In the early stages of SARS-CoV-2 infection, a robust T-helper response is beneficial. T-helper cells play a crucial role in coordinating the immune response by activating other immune cells and producing cytokines. A strong T-helper response helps control viral replication and spread by activating cytotoxic T cells and facilitating the production of antibodies. Additionally, an effective T-helper response might help mitigate disease progression by promoting the clearance of infected cells and reducing the severity of symptoms.

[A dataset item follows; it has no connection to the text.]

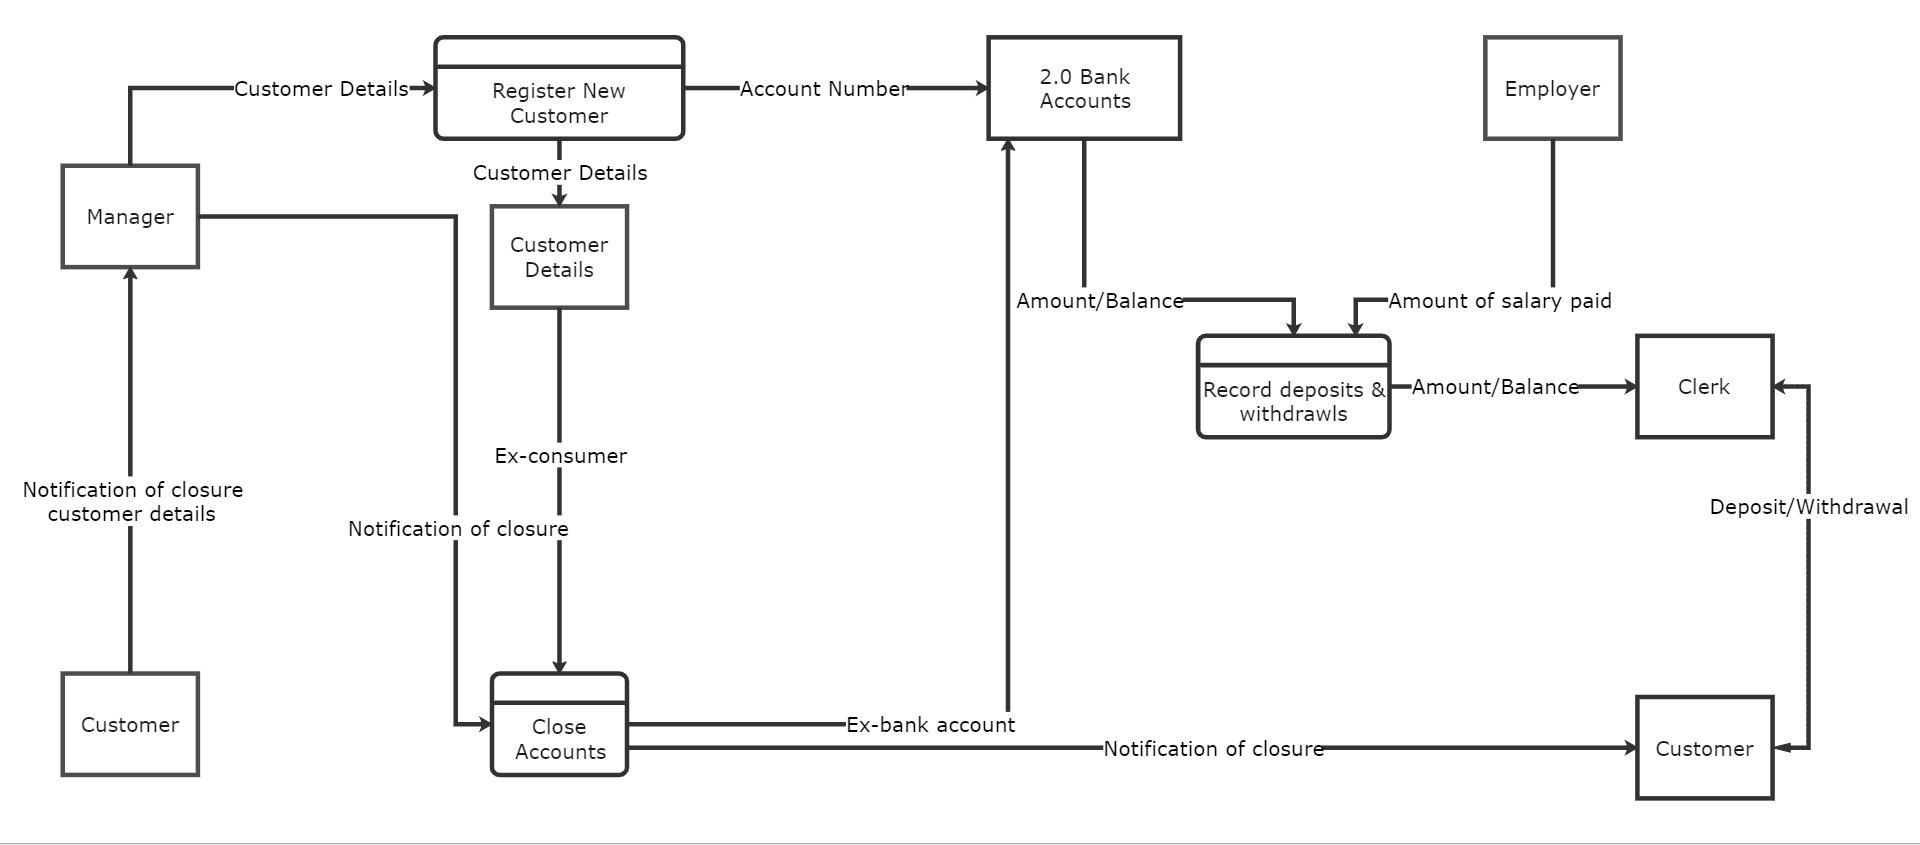 Data Flow Diagram Level 1

As the infection progresses, especially in cases where the virus persists or the immune response is dysregulated, an overly strong T-helper response may occur. This could lead to a cytokine storm, where pro-inflammatory cytokines are excessively released, leading to tissue damage and more severe disease outcomes. The association between stronger T cell immunity and higher T cell activation in individuals progressing to severe disease strengthens the notion that the magnitude of the humoral response correlates with the outcome [41, 42], given that orchestration by T helper cells is crucial for developing neutralizing antibodies [43]. We hypothesize that in some cases, the hyperactive immune response may become maladaptive, causing harm to the host rather than effectively combating the virus. The balance between an effective antiviral immune response and the risk of immunopathology, with immune-mediated tissue damage, is delicate and can shift over the course of infection. Therefore, understanding the timing and dynamics of immune responses to SARS-CoV-2 is critical for developing targeted therapeutic interventions and vaccines that modulate the immune system appropriately to prevent severe disease outcomes while maintaining protective immunity.

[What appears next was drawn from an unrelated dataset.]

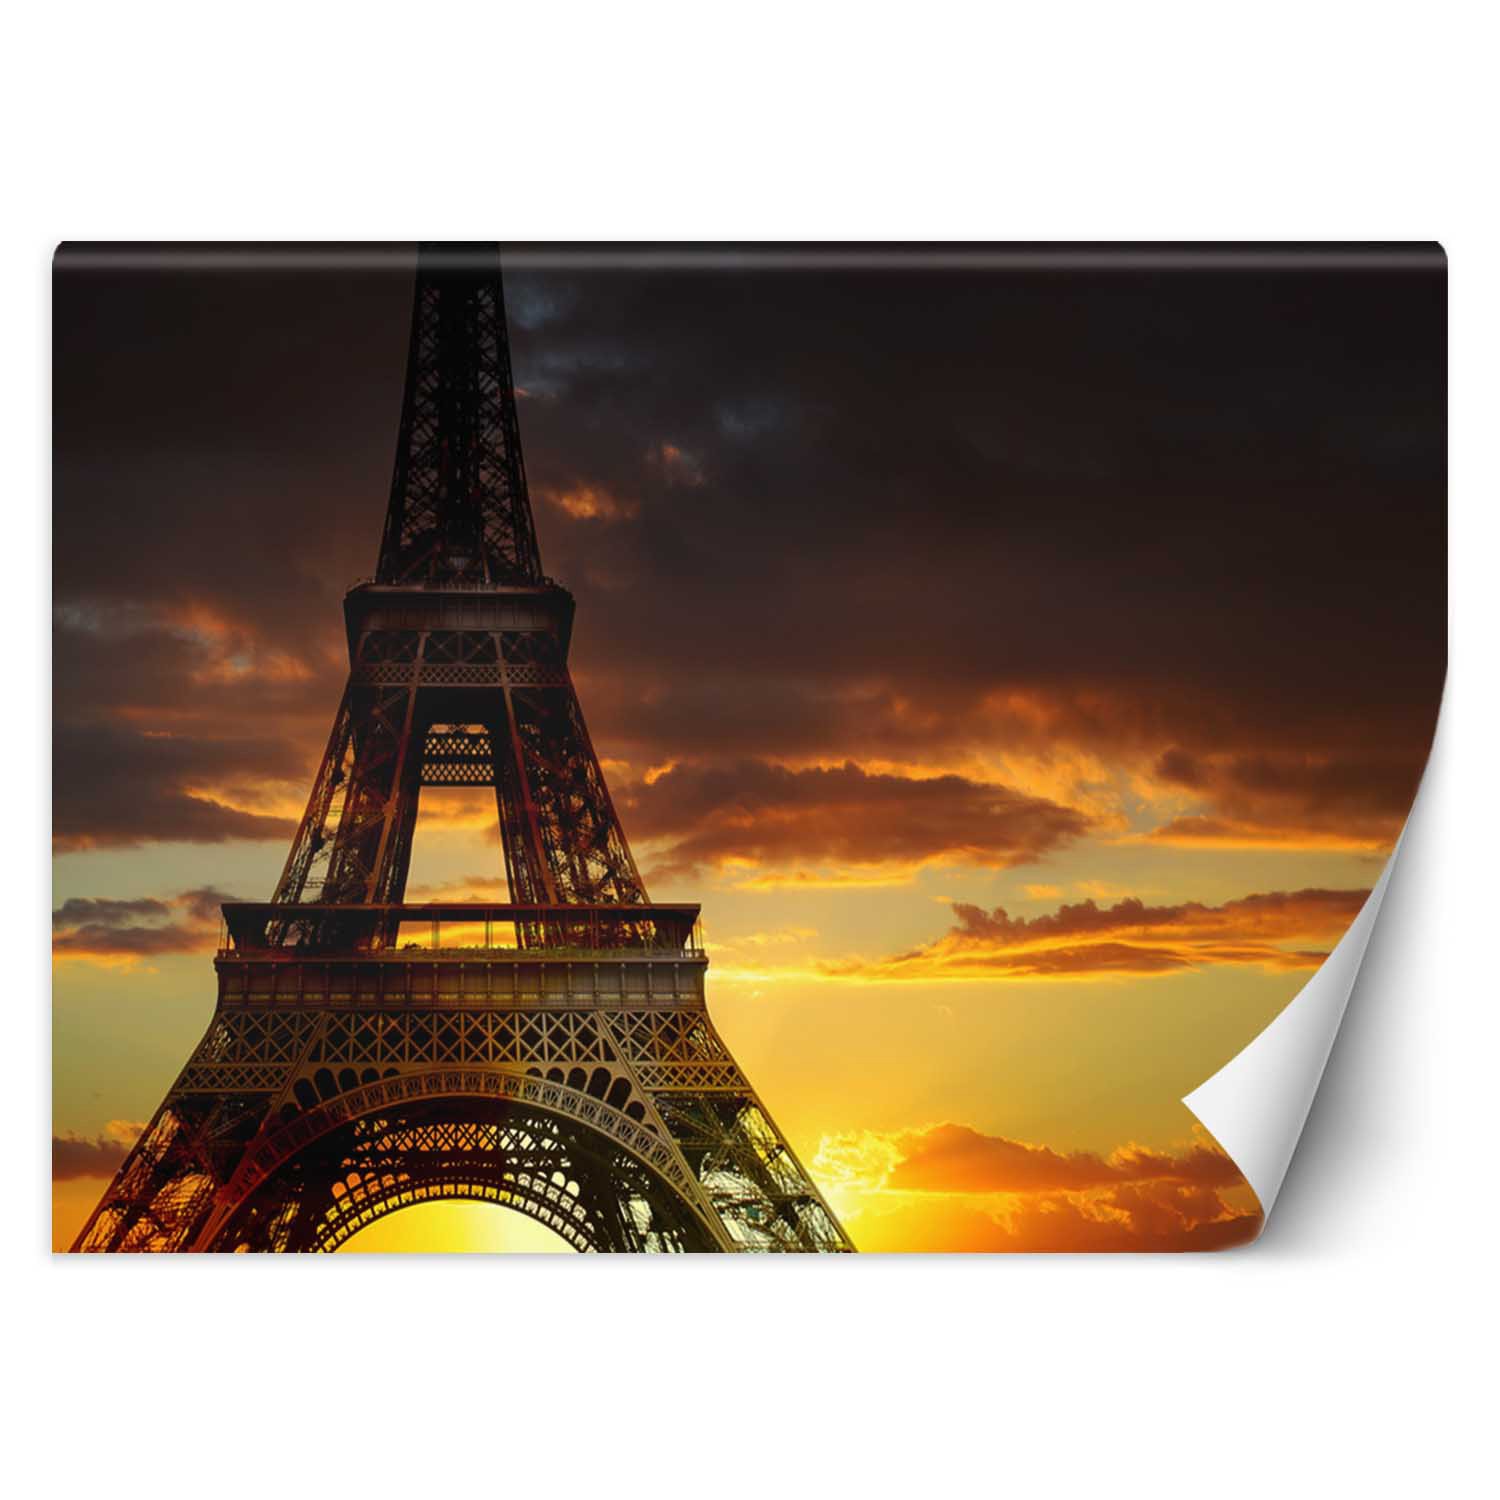 Trend24 – Behang – De Eiffeltoren Bij Zonsondergang – Behangpapier – Fotobehang – Behang Woonkamer – 450x315x2 cm – Incl. behanglijm

In summary, while a robust T-helper response initially controls viral replication and disease progression in COVID-19, an overly strong and dysregulated immune response later in the course of infection might contribute to more severe outcomes. This underscores the complexity of the immune response to SARS-CoV-2 and highlights the importance of timing in understanding and managing COVID-19 immunopathology.

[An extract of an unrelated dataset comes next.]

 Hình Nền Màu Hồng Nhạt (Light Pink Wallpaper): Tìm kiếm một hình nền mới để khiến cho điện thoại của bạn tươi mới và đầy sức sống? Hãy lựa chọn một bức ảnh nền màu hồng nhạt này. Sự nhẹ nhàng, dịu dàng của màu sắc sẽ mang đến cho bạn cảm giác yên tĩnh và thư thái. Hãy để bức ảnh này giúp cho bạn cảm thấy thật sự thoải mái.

HLA haplotypes have also been associated with COVID-19 prognosis [13, 15, 44]. Our observations suggest that mounting HLA type 1 and 2 robust immune responses but not to nucleocapsid and spike proteins early in the course of the infection is important for controlling it. On the other hand, a robust immune response later in the course of the infection appears to be associated with more severe disease. This is further reinforced by the in-silico analysis utilizing the HLA profile of patients matched to the SARS-CoV-2 genome of their infecting viruses, in which patients who evolved to less severe disease have a stronger ability to recognize and present viral epitopes that are more likely to activate a T cell response.

The small sample size and the lack of information about underlying medical conditions in the second group of patients are some of the limitations of the present study. Nonetheless, our findings indicate an association between immune response very early in the course of the disease and outcome. This association contrasts with what is seen in HIV infection since low SARS-CoV-2 viral loads up to 36 h from symptom onset were associated with high T-cell activation and better outcome.

Our findings appear to be counter-intuitive and contradict published data that indicated that the presence of HLA class I molecules with higher binding affinity is associated with a more favorable COVID-19 outcome [45]. Nonetheless, data from clinical trials seem to lend support to our findings since the use of corticosteroids, which have immune modulatory and anti-inflammatory effects, early in the course of the disease does not confer clinical benefit and may even be harmful, whereas their use later in the course of the disease in patients with poorer prognosis is associated with a better outcome [46, 47]. We believe that our observations may help identify biomarkers for predicting disease progression and assist in the development of immunomodulatory therapeutic interventions and the appropriate timing of their use.